Reporter: Hikma Dirgantara | Editor: Anna Suci Perwitasari
KONTAN.CO.ID - JAKARTA. Kawasan Asia diproyeksikan masih menjadi pilihan investasi offshore yang menarik. Walaupun, secara valuasi sudah di atas rata-rata historis-nya serta masih terkena beberapa katalis negatif, secara prospek, kawasan Asia dinilai masih punya peluang dan potensi yang menjanjikan.

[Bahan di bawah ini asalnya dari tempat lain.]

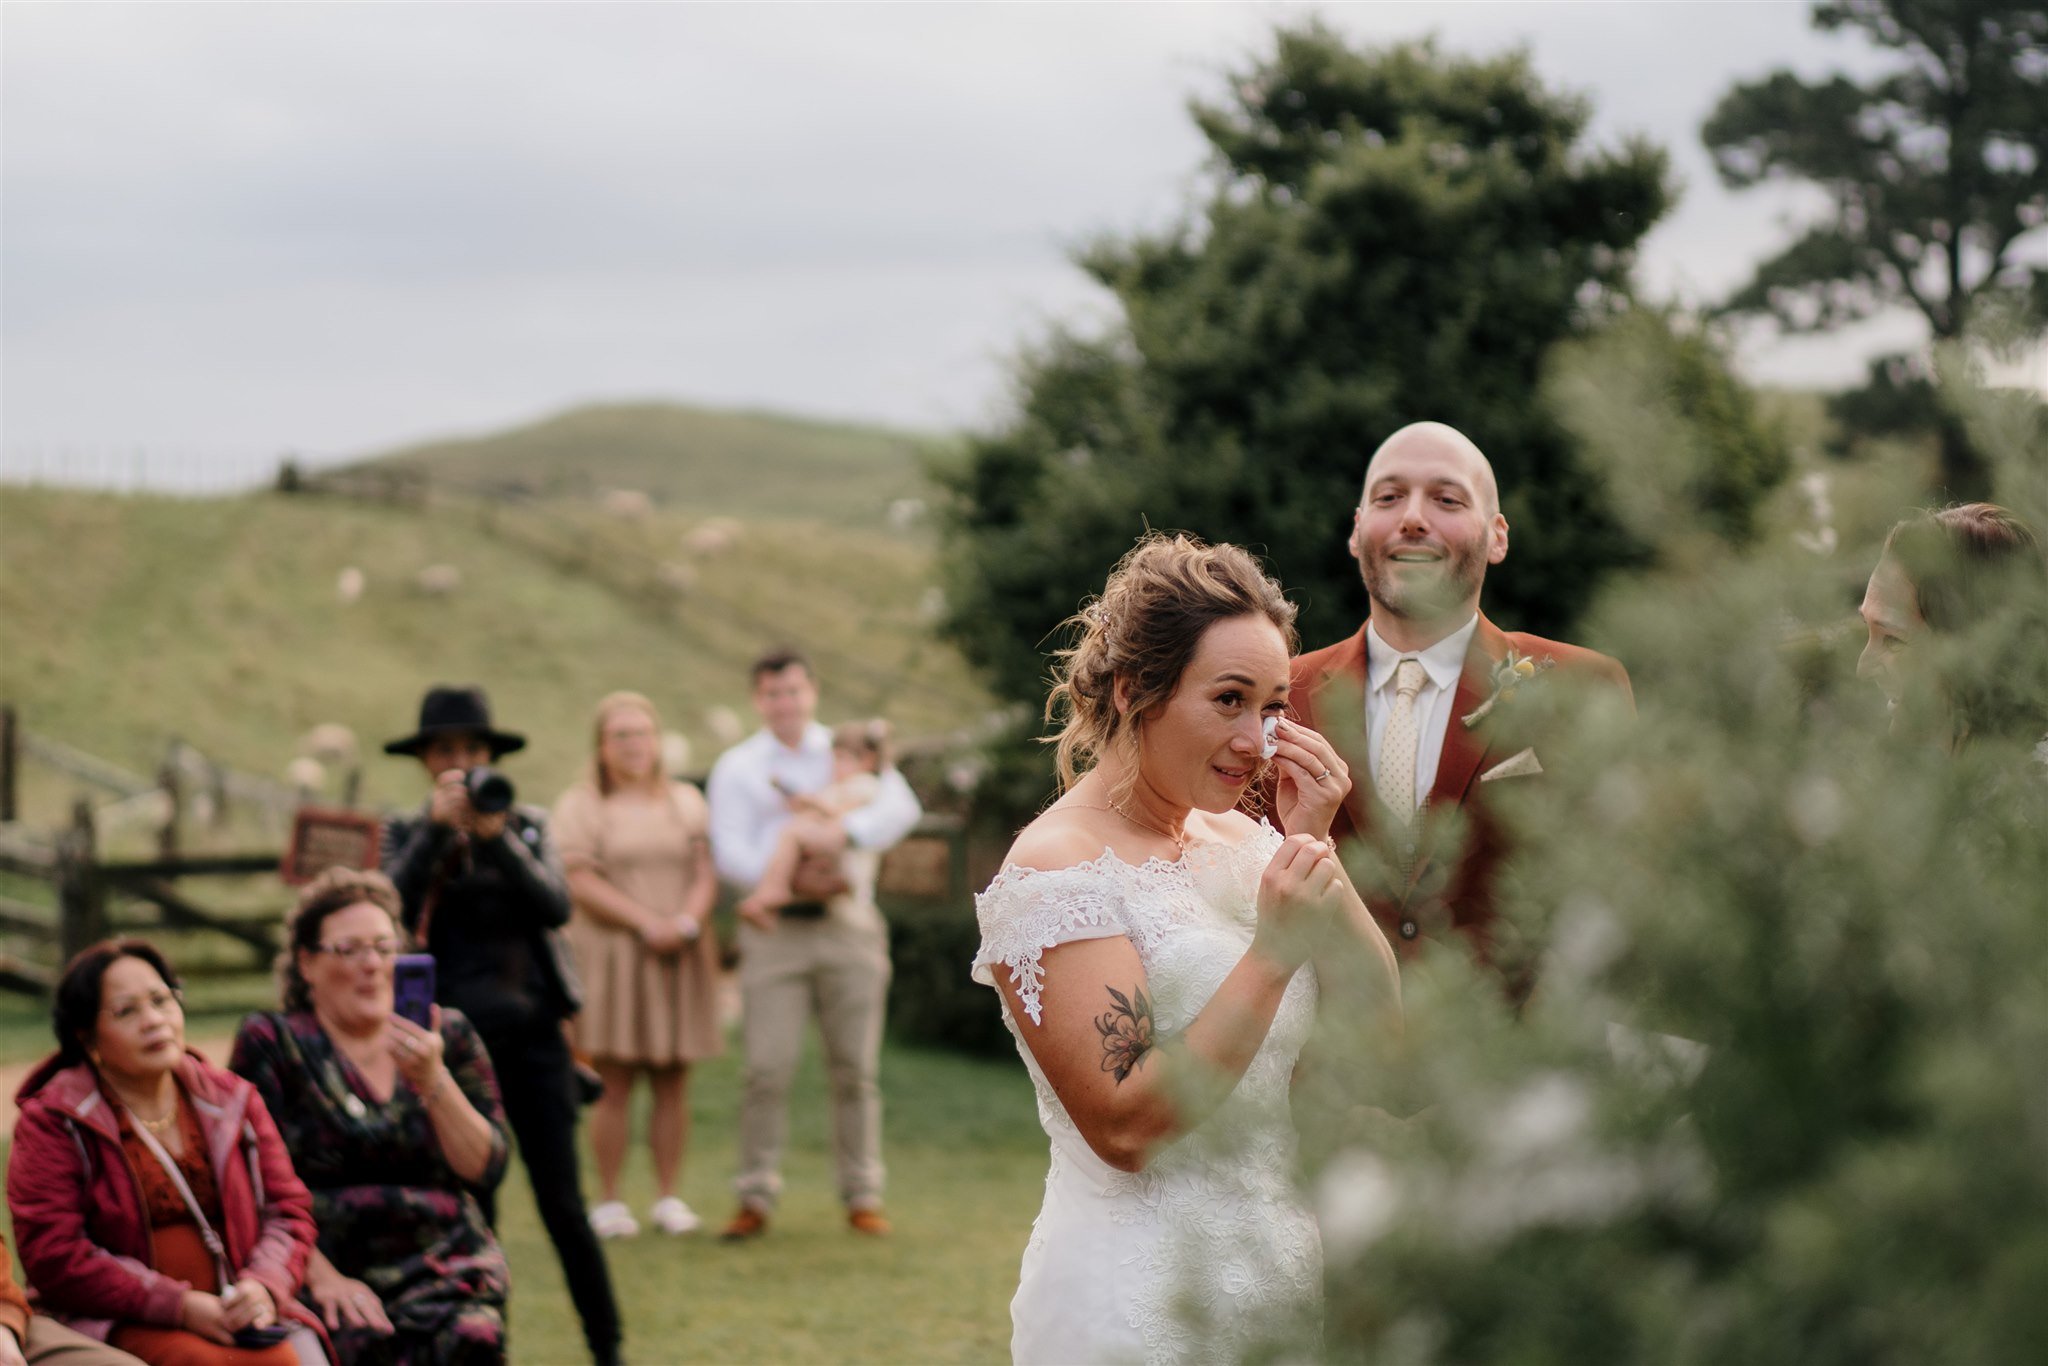 Matamata wedding venue | Hobbiton Tour | Auckland Wedding Videographer| Best Photographer| Top Videography | Wedding Ceremony Photography | The Green Dragon Inn | Dear White Productions

Portfolio Manager, Equity Manulife Aset Manajemen Indonesia Andrian Tanuwijaya mengatakan, di tengah berbagai dinamika pasar yang ada saat ini, pasar Asia justru menunjukkan potensi yang menarik.
“Beberapa indikator ekonomi seperti neraca transaksi berjalan, inflasi dan cadangan devisa sudah semakin membaik. Makro ekonomi yang semakin baik membuat Asia menjadi lebih resiliensi dalam menghadapi goncangan volatilitas di pasar global,” kata Andrian dalam rilis seeking Alpha edisi Mei yang diterima Kontan.co.id, Senin (10/5).
Lebih lanjut, dia melihat, Asia sebagai bagian penting dari rantai pasokan global, akan diuntungkan oleh pemulihan ekonomi global. Selain itu, dengan membaiknya selera risiko global, kepemilikan asing yang relatif rendah dan tren kebijakan moneter/fiskal yang masih akomodatif diharapkan dapat menambah daya tarik investasi ke pasar Asia untuk mencari imbal hasil yang lebih atraktif.
Sementara itu, pasar Asia juga akan diuntungkan dari pemulihan ekonomi Amerika Serikat (AS) seiring meningkatnya aktivitas perdagangan di Asia. Secara historis defisit neraca berjalan di AS merupakan refleksi dari surplus neraca berjalan di Asia di mana pemulihan aktivitas ekonomi AS cenderung mendorong permintaan dan ekspor dari Asia.
Baca Juga: IHSG melemah ke 5.921 pada akhir sesi I hari ini (11/5), asing lepas BBRI, AMRT, INKP
Walau demikian. pasar Asia saat ini tengah diterpa sentimen negatif berupa melonjaknya kasus Covid-19 di India dan sejumlah wilayah lainnya.
Namun Andrian justru tidak terlalu khawatir mengenai dampaknya. Pasalnya, kini India lebih mengedepankan mitigasi berupa vaksinasi ketimbang lockdown. Apalagi, India merupakan salah satu negara yang punya kapasitas vaksin yang cukup untuk memvaksinasi penduduknya.
“Jadi, pasar sudah “forward looking” pada pemulihan ekonomi pasca gelombang kedua, sehingga pasar saham relatif tidak mengalami penurunan yang berarti. Kami masih optimistis terhadap tema investasi di India yang mengusung formalisasi ekonomi, digitalisasi dan pertumbuhan manufaktur,” imbuh Andrian.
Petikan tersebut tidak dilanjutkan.